Background: Family studies suggested that an altered intestinal permeability plays a role in the genesis of Crohn's disease.
Aim: Aim of the present study was to investigate a possible genetic alteration of the mucosal barrier in Crohn's disease.
Subjects: 16 Crohn's disease patients and 26 of their cohabiting first degree relatives were studied.
Methods: To investigate intestinal permeability, Cellobiose/Mannitol test was administered to both groups.
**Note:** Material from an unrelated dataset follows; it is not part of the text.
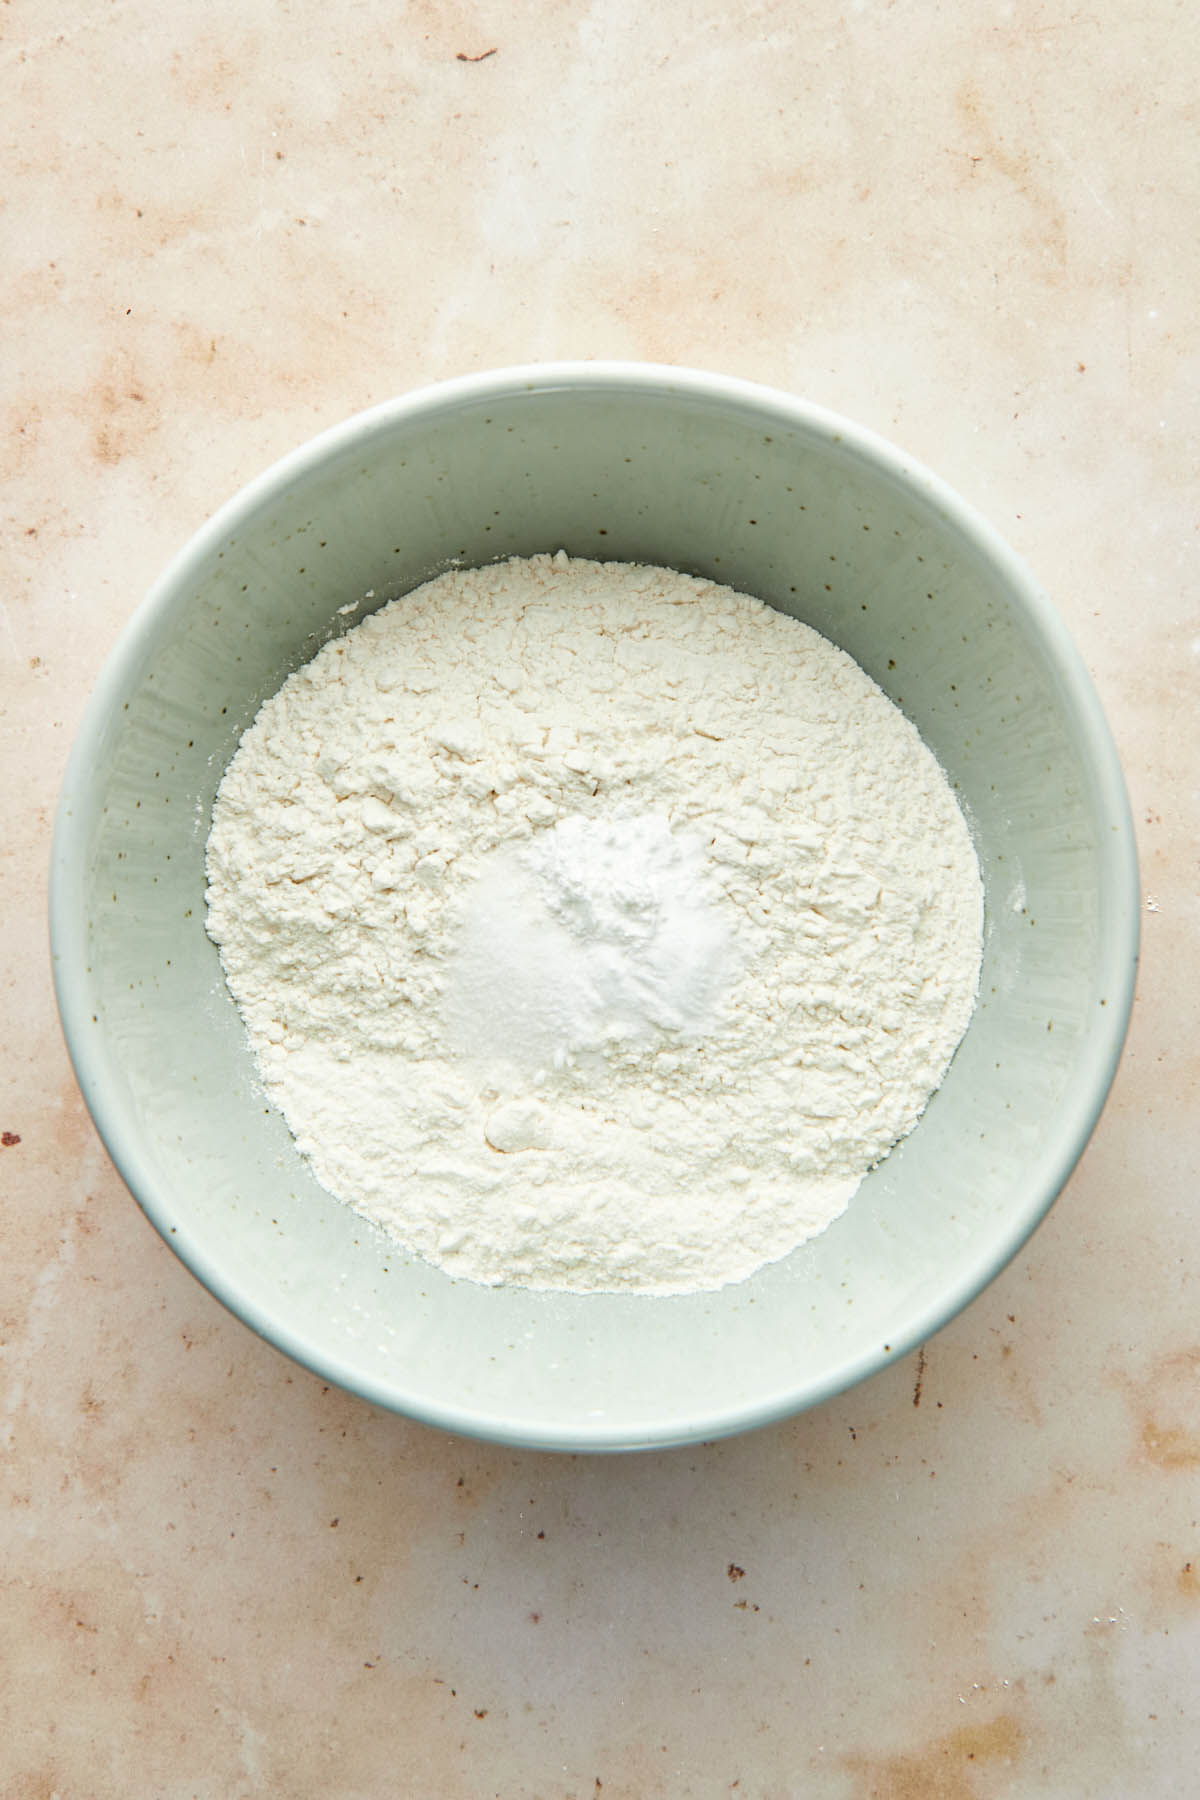 Unmixed flour, baking powder, baking soda, and salt in a light blue mixing bowl.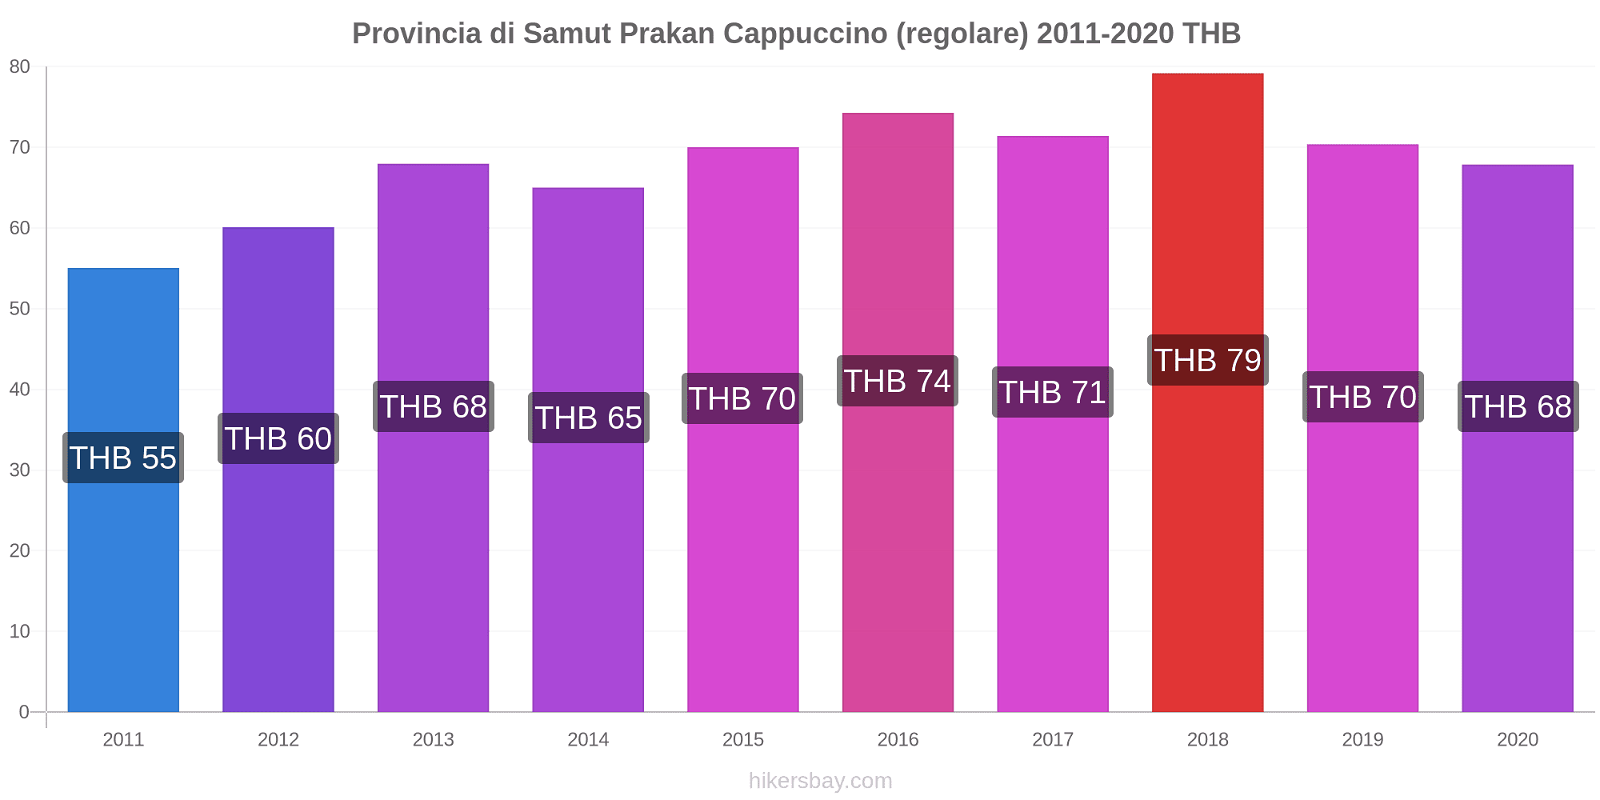 Provincia di Samut Prakan variazioni di prezzo Cappuccino (normale) hikersbay.com

Results: In the two groups, we found that the median intestinal permeability values were higher and statistically different from those obtained in 32 healthy control subjects as well as in five healthy control families. Six (37.5%) Crohn's disease patients and three (11.5%) of their first degree relatives showed increased individual intestinal permeability values. Intestinal permeability alteration in Crohn's disease patients was unrelated to sex, age, disease activity, localisation, duration, treatment schedule, as well as to serum anti-Saccharomyces cervisiae antibody positivity in a pilot study conducted in 7 Crohn's disease patients; anti-Saccharomyces cervisiae antibody values were negative in all 10 first degree relatives investigated.
Conclusions: These findings demonstrate the increase in IP in 37% of the patients and in 11% of their relatives. More extensive investigation of the correlation between ASCA alterations and IP will be needed in both patients with Crohn's disease and their relatives.